If done right, the process should make the steel tougher, but not all steel types react to the process in the same way. Some react “better”, or more dramatically, and others just don’t have the chemical make up for it to make much difference at all.

The simple way to look at it is steels with more chromium benefit more from the process. In particular, chromium’s presence alongside a lot of carbon gets the most mileage out of being frozen and thawed.

Paul Bos told Blade Magazine he cryo treats high alloy steels, and actually went into some surprising depth about his process. Over his career he’s seen companies cryo treating everything from nylon stockings to gun barrels, and figured it could probably do a lot for knife steel but he clarified that “its effects are more profound in high alloy steel”.

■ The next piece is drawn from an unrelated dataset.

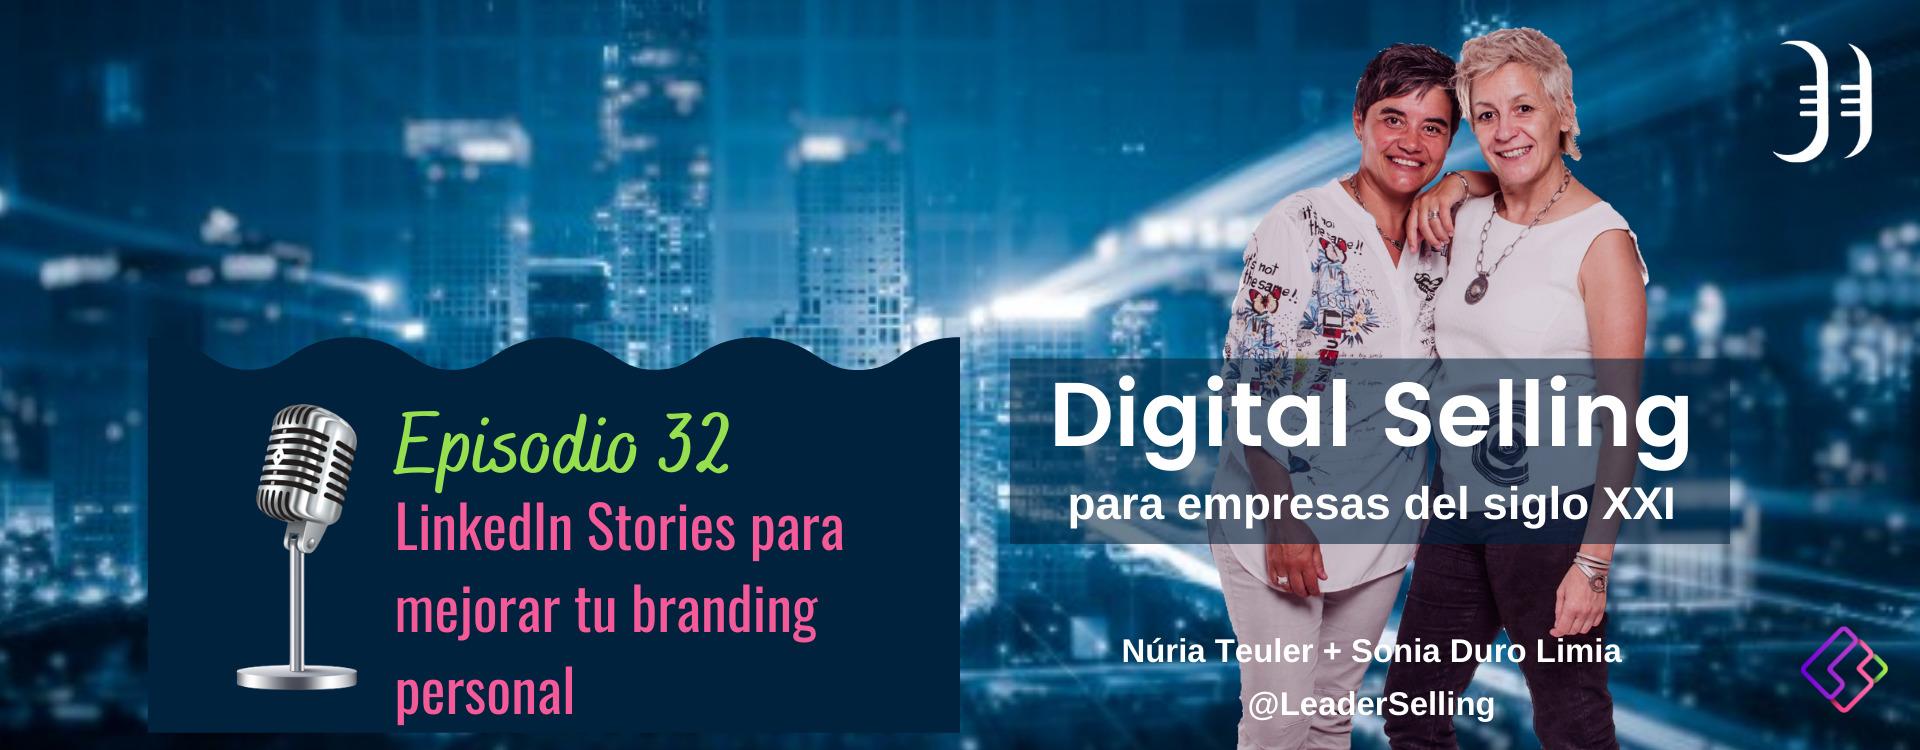 Episodio 32. LinkedIn Stories para mejorar tu branding

D2 steel in particular seems to benefit a lot from the process, and I would go so far as to guess that it holds doubly true for cheaper Chinese steels like 8Cr13MoV (though admittedly I’m far from a heat treat expert, and most of my knowledge is from a decade-old article and a bunch of internet forums).

The truth is, though, that most of us probably won’t notice the difference. This is steel we’re talking about. Even soft steel is pretty damn hard, and most of us will never use our knives in a way that would make us notice the added toughness between regular steel and cryogenically treated steel. That’s not to say it doesn’t add some life and value to our knives, just that you shouldn’t expect to see the improvement in any immediate sense like you would in a knife that just has a good heat treat and edge geometry in the first place. Those are the kinds of things that will keep a knife cutting paper after a round of ill-advised batoning. Cryogenic treatment is more about longevity than direct performance.

Is It Worth the Money

First off, how much is the cryogenic process even padding the bill?

Bob Beaty told Blade magazine that it doesn’t make knives that much more expensive.

In a perfect world, knife makers cryo treat their steel to get the most out of the steel properties. What’s far more likely is that companies cryo treat large batches of knives to compensate for heat treatments that inevitably suffer from mass production.

In that situation, the treatment probably isn’t affecting the price much if at all. Either the company is sending the blades off to a third party in bulk or doing it themselves in large batches on site. The reason the consumer doesn’t feel the additional labor is the same reason the knife ends up affordable in the first place: the wonders of mass production.

We might feel it more from custom knife makers: The guy who makes one to ten knives to order and wants to squeeze as much utility out of the steel after his heat treat. So he either invests in some kind of nitrofreezer to do it himself or sends it to another company to do it

That knife maker will feel the extra steps in his bottom line a lot more than Benchmade or Cold Steel, but if he actually knows what he’s doing whatever small bump in price reflects a knife with steel that has been made about as tough as it’s possible for it to be.

So Who’s Cryo-Treating their Knife Steel

It’s tricky to find out exactly who does cryogenic treating and what they’re doing it to, because most companies don’t go into that much detail about their treatment process. SOG clearly does it on at least some of their knives since they explain the process in their buyer’s guide. Rumor has it Benchmade uses some kind of cryo process, and Spartan Blades touts their “double deep cryo heat treatment” in most of the product descriptions of their Gold Grade knives.

The real answer, though, is probably everyone. It seems to be well enough established as an effective method for improving certain kinds of steel. If you look at cryogenic processing plants you see they have clients across a huge range of industries including aviation and tooling. Most of us are probably commuting or drilling holes with cryo treated steel every day.

If cryo treating is nothing more than a marketing ploy, then it has an enormously wide spread placebo effect. What seems far more likely is that it’s used as a marketing ploy by companies with slipshod heat treatments, while everyone else just does it on their high carbon steels as a regular matter of course, and they expect us to trust them enough to know what they’re doing without explaining every damn step of the process.